- Paulshof Paulshof
- Coordinates: 26°02′00″S 28°02′49″E﻿ / ﻿26.03346°S 28.04701°E
- Country: South Africa
- Province: Gauteng
- Municipality: City of Johannesburg
- Main Place: Sandton

Area
- • Total: 4.48 km^{2} (1.73 sq mi)

Population (2011)
- • Total: 9,866
- • Density: 2,200/km^{2} (5,700/sq mi)

Racial makeup (2011)
- • Black African: 28.1%
- • Coloured: 3.1%
- • Indian/Asian: 15.3%
- • White: 51.9%
- • Other: 1.6%

First languages (2011)
- • English: 66.2%
- • Afrikaans: 11.1%
- • Zulu: 4.2%
- • Sotho: 3.1%
- • Other: 15.4%
- Time zone: UTC+2 (SAST)
- Postal code (street): 2191
- PO box: 2056

= Paulshof =

Paulshof is a suburb of Sandton, South Africa. It is located in Region A of the City of Johannesburg Metropolitan Municipality.

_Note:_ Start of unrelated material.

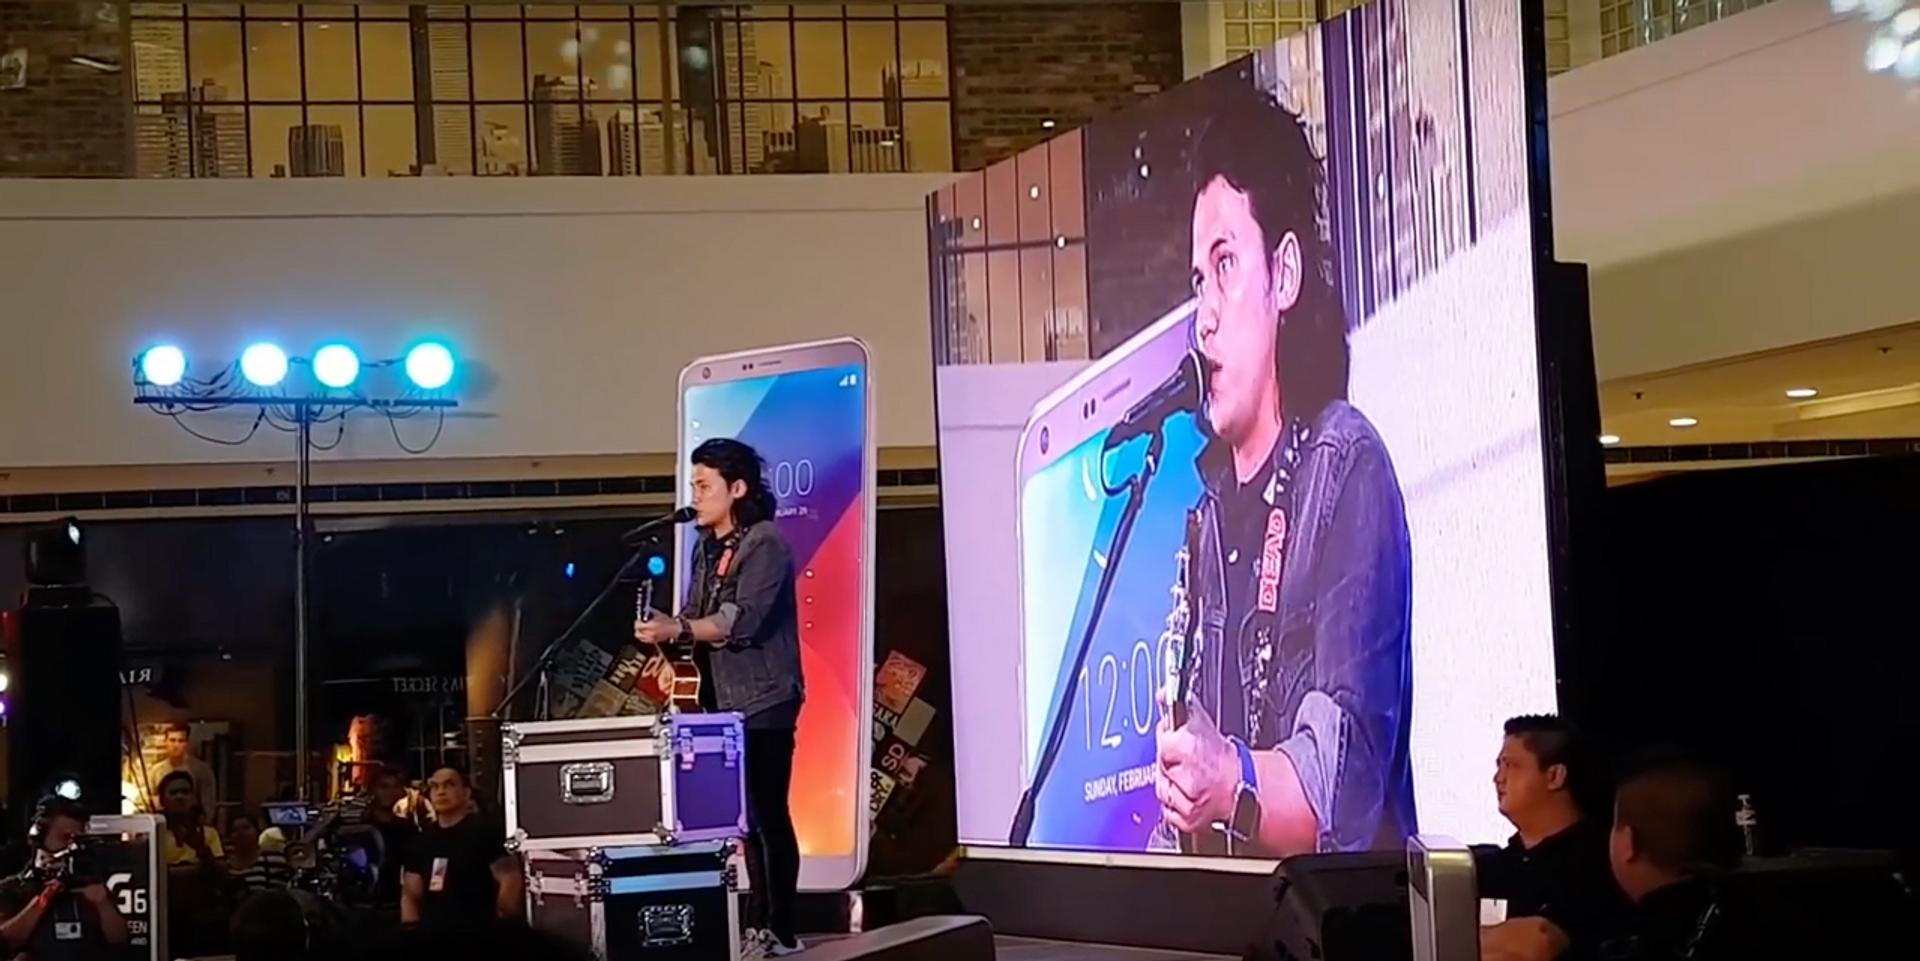 Sponge Cola's Yael Yuzon translates 'Jeepney' to English at mobile phone launch

The village of Paulshof is bounded by the Western Bypass on the South, Leeuwkop Estate on the North, Sunninghill on the East and Lone Hill on the West.

Paulshof is known as the "Garden Village of the North" by locals due to its proximity to green spaces such as the Rietfontein Nature Reserve.

Places of interest in the suburb include:
Cambridge Crossing Shopping Centre, Reitfontein Nature reserve, the German Country Club, St Peters school, the Rivonia Recreation & Sports Club and Nova Pioneer School Campus.